**Task to carry out**
After locating the line with "Bola Tênis de Mesa Ping Pong Pentagol 38mm" below, output it and each following line exactly, stopping after the line with "WRC: Safari Rally". No pictures.

**Available records**
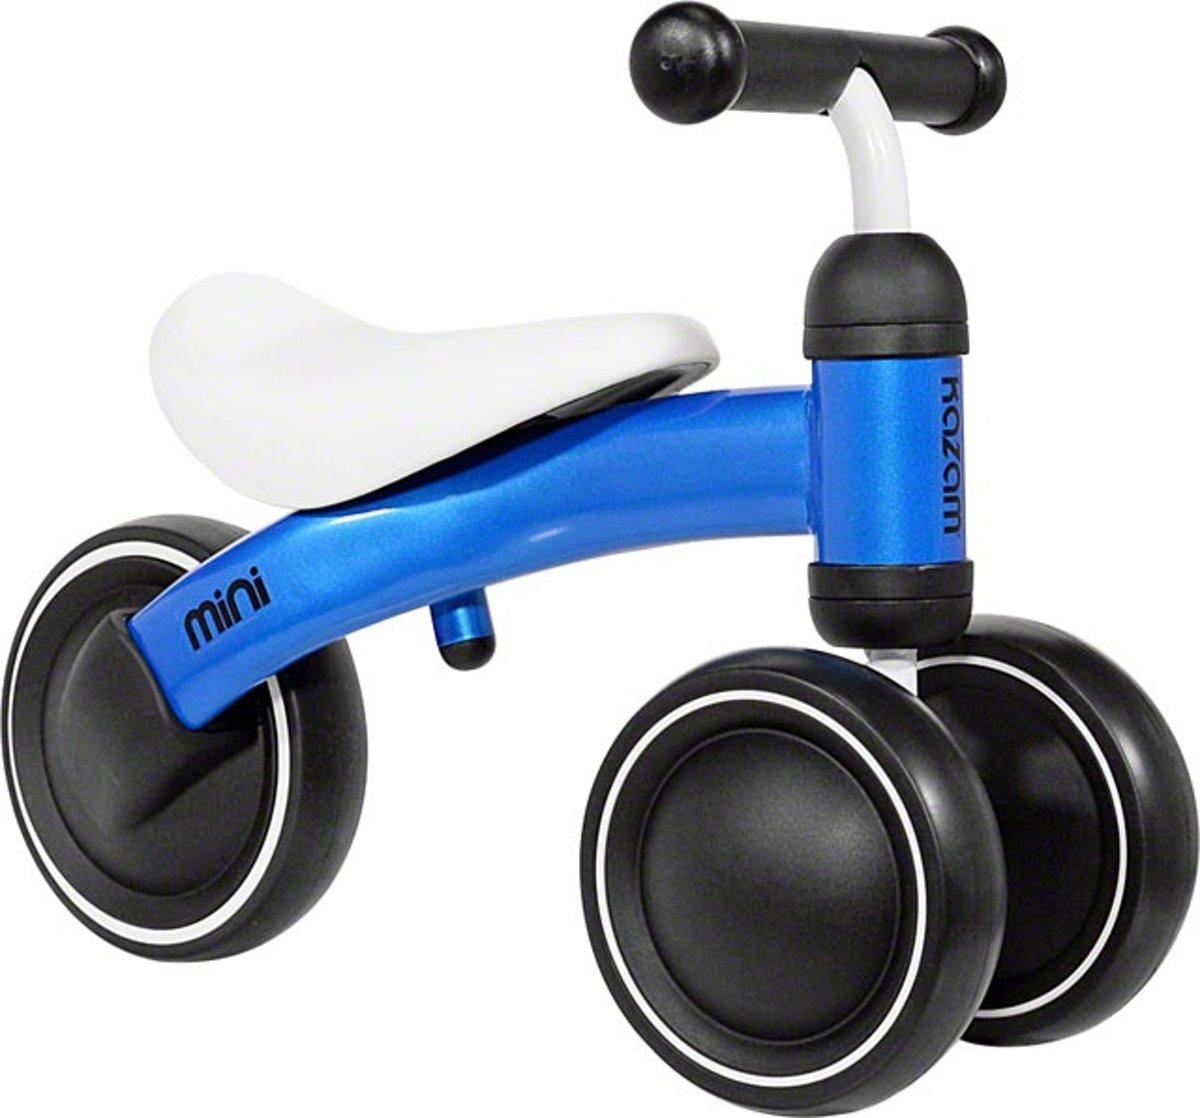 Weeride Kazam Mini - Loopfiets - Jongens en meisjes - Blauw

--

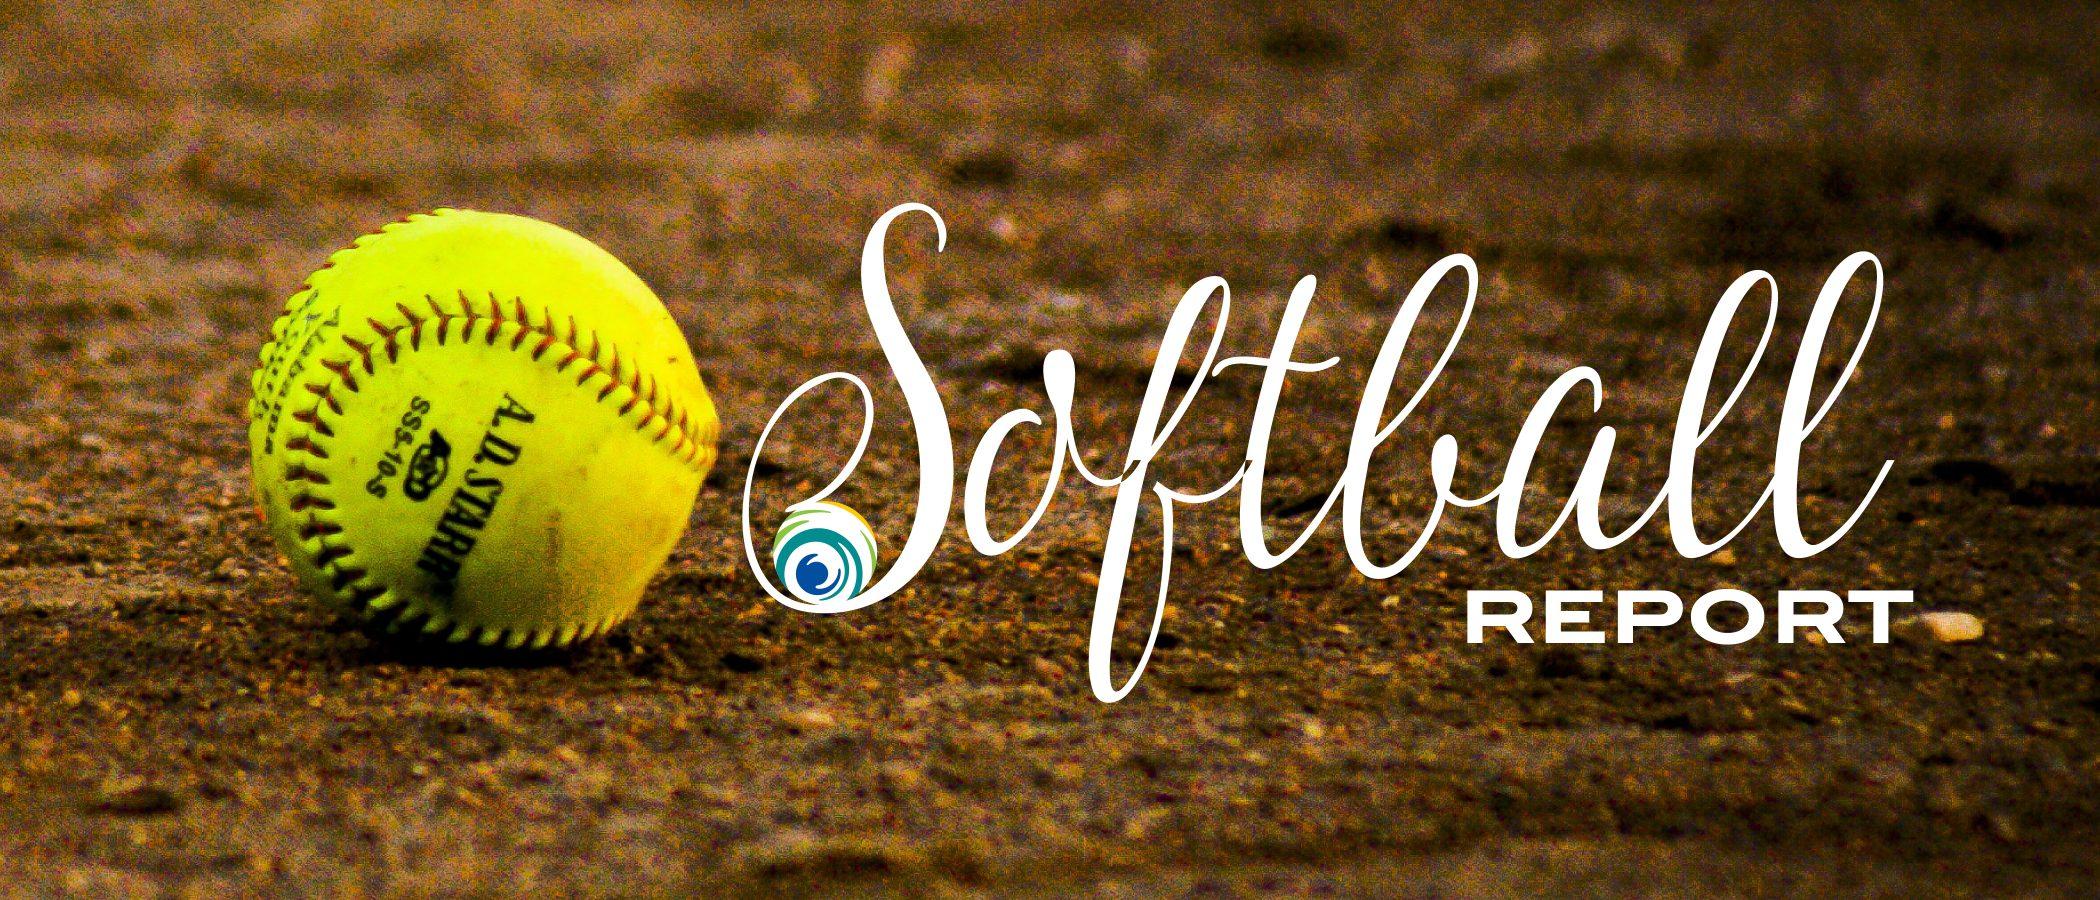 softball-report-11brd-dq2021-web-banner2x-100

---

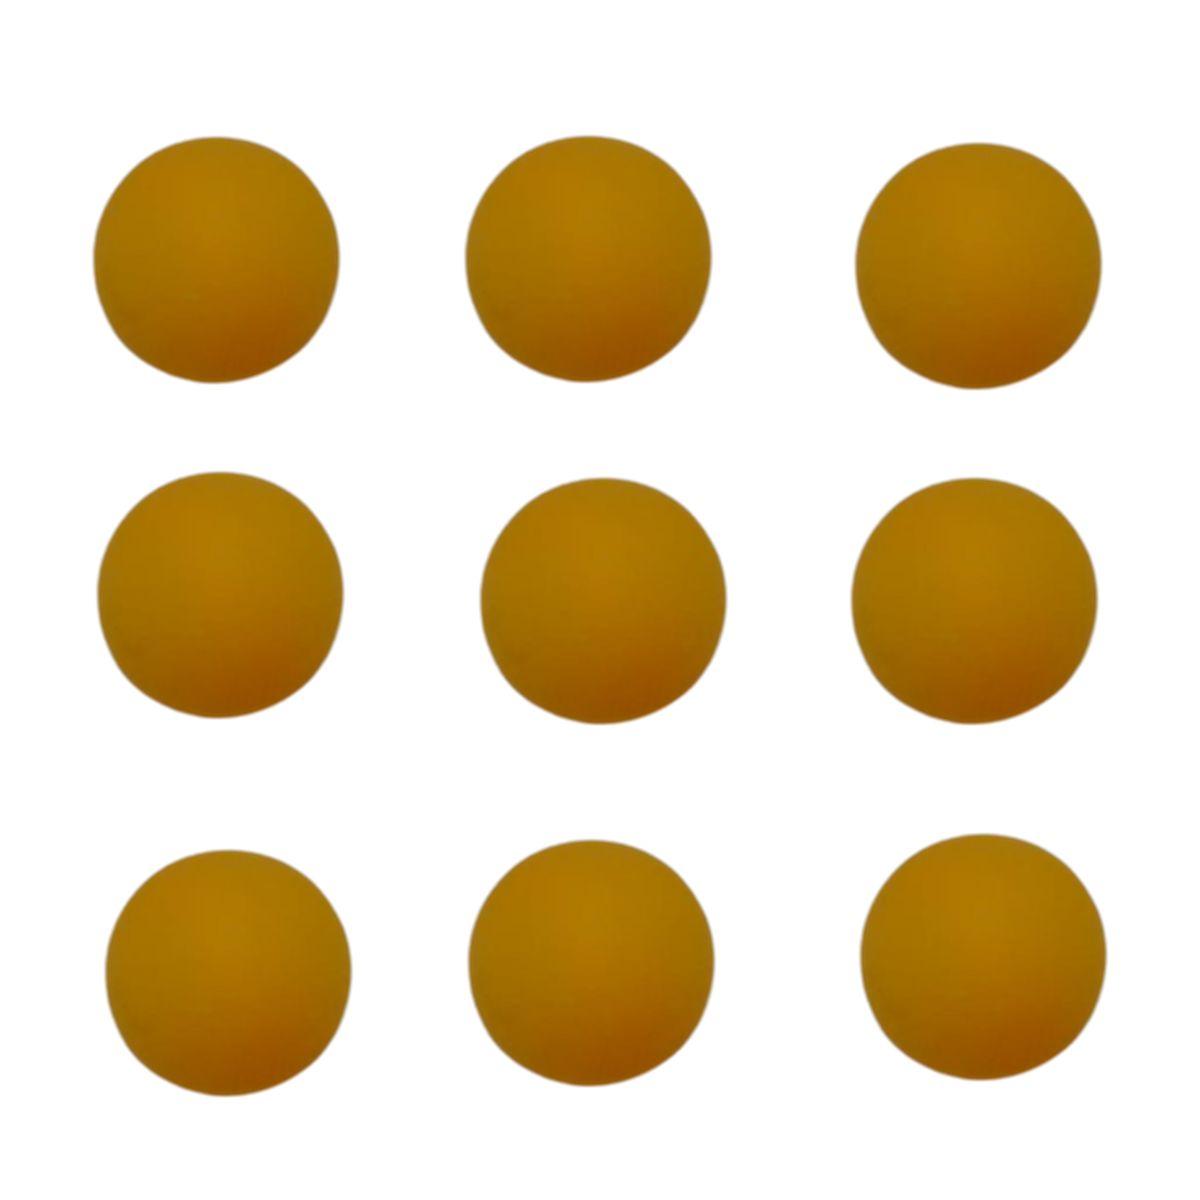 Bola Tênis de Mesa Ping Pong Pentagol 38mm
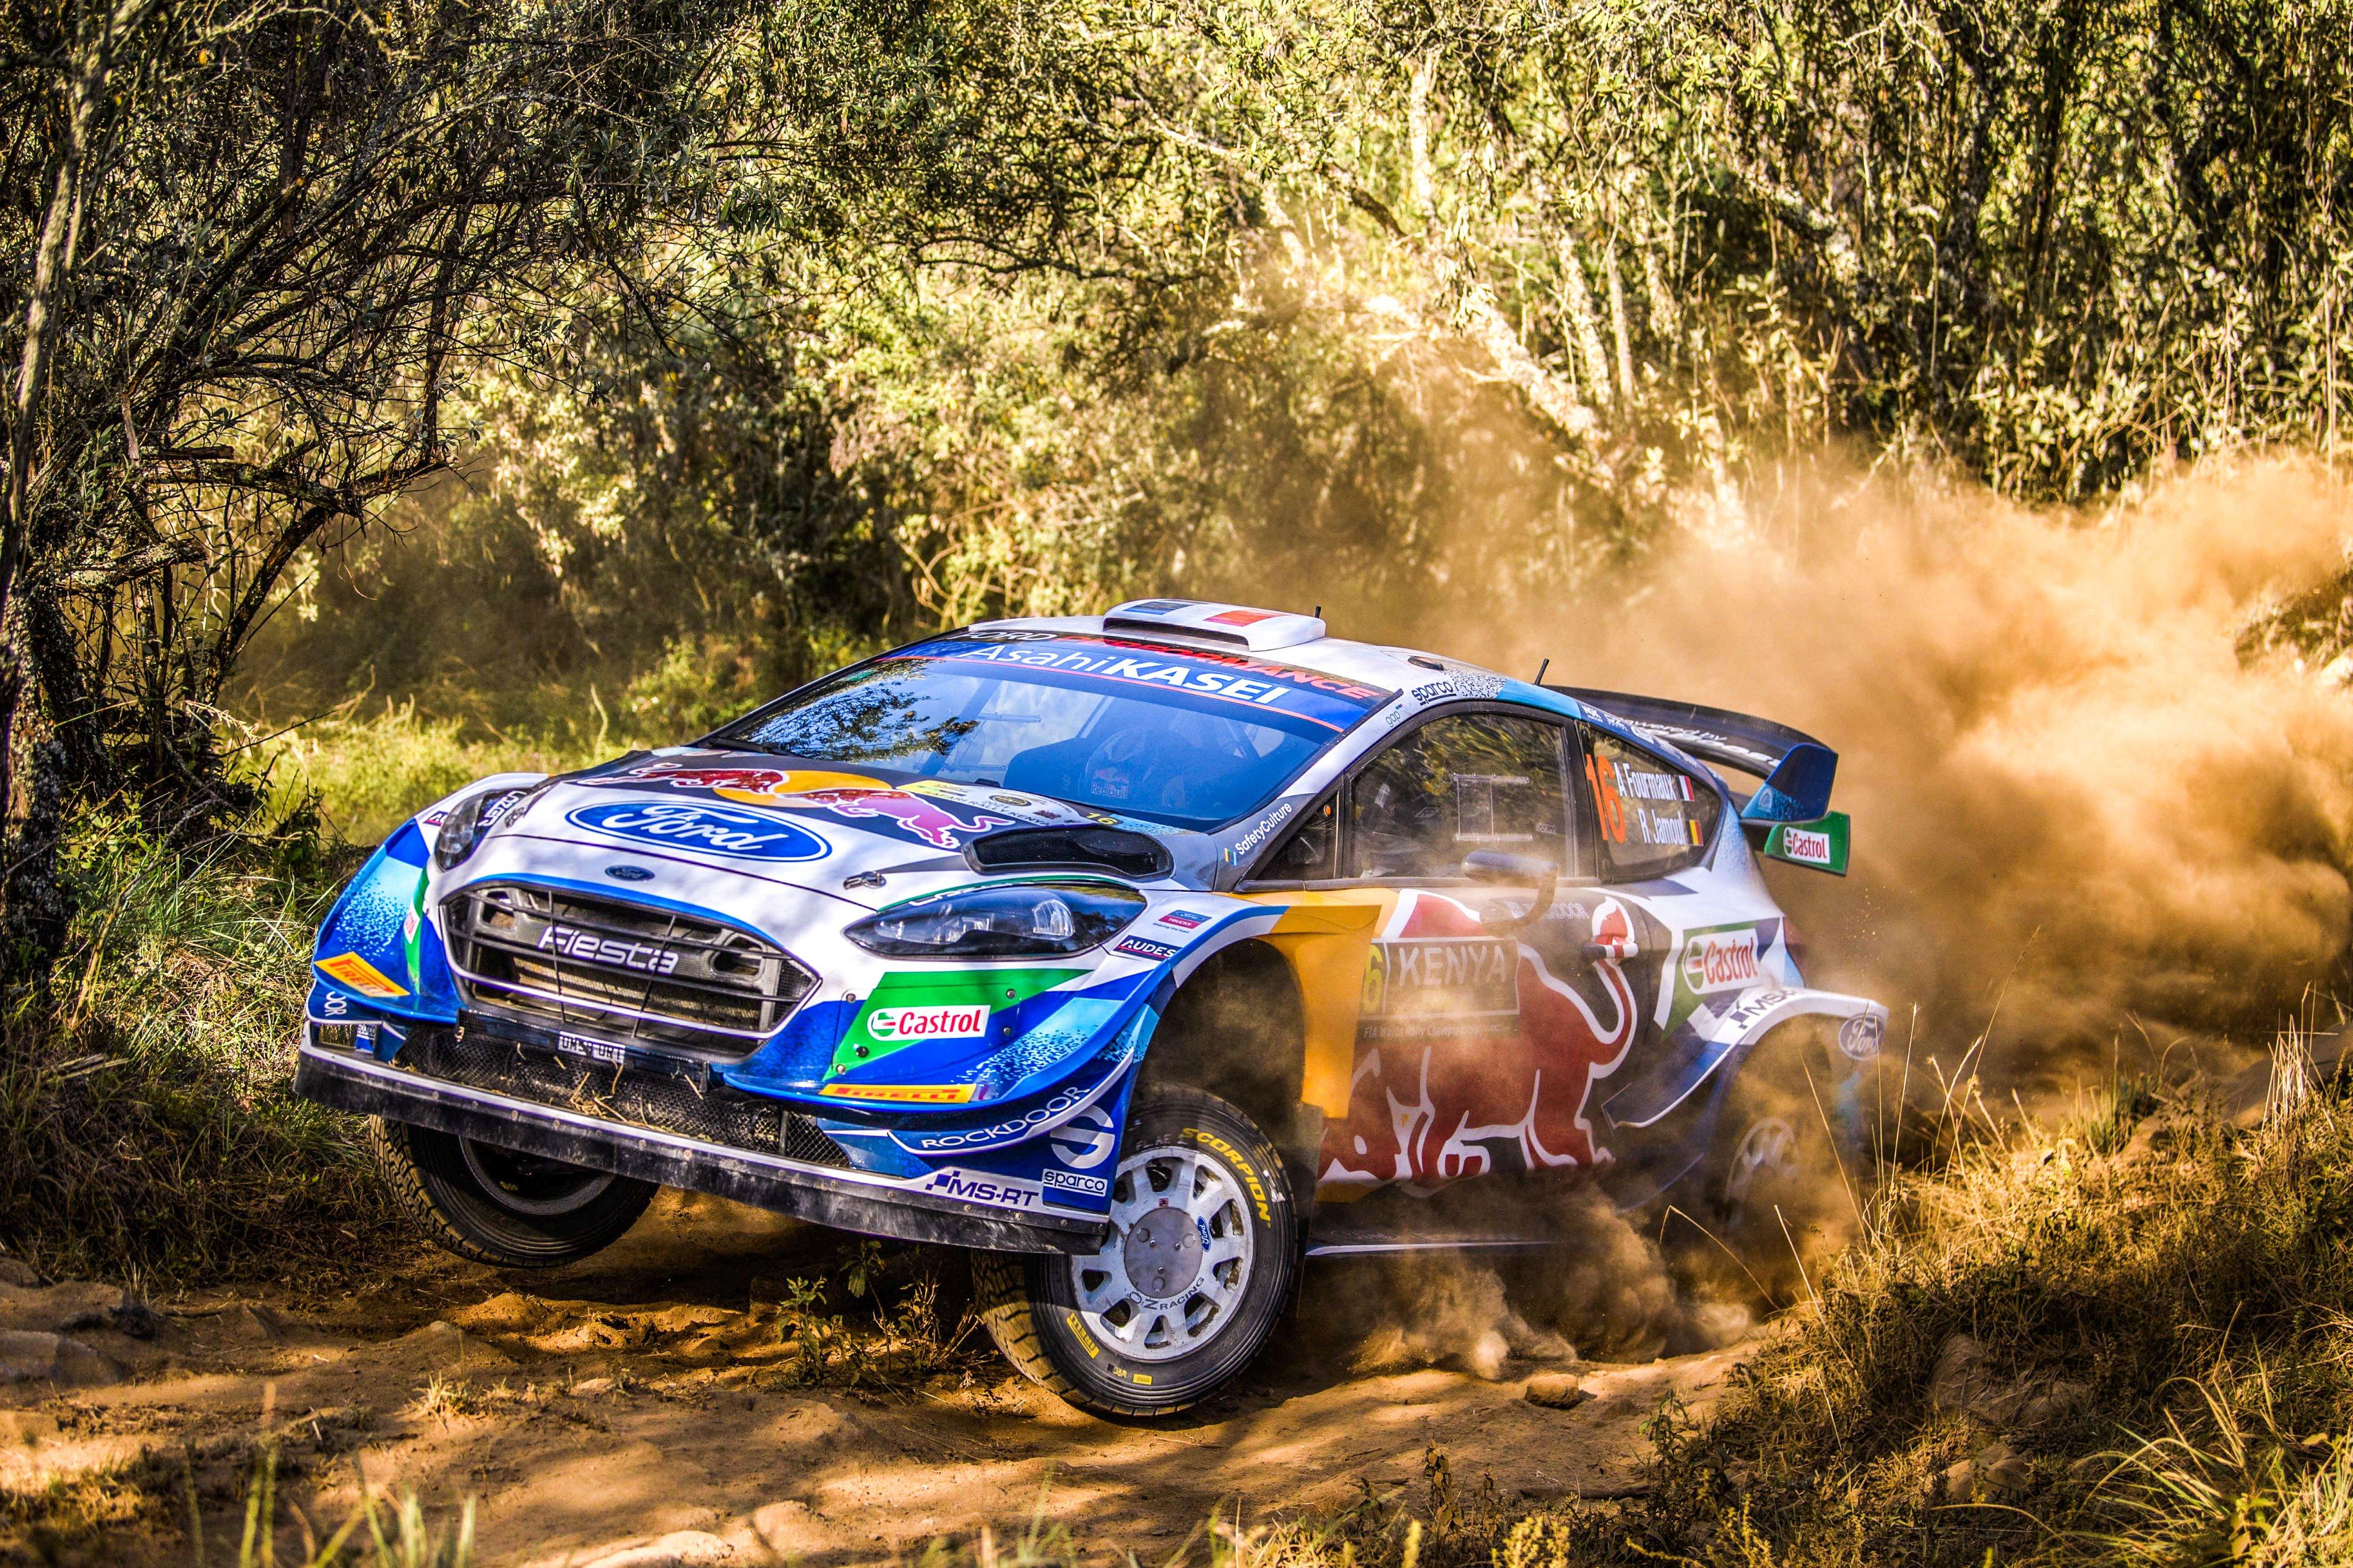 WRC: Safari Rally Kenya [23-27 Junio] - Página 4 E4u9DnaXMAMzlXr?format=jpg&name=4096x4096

**Task output**
 Bola Tênis de Mesa Ping Pong Pentagol 38mm
 WRC: Safari Rally Kenya [23-27 Junio] - Página 4 E4u9DnaXMAMzlXr?format=jpg&name=4096x4096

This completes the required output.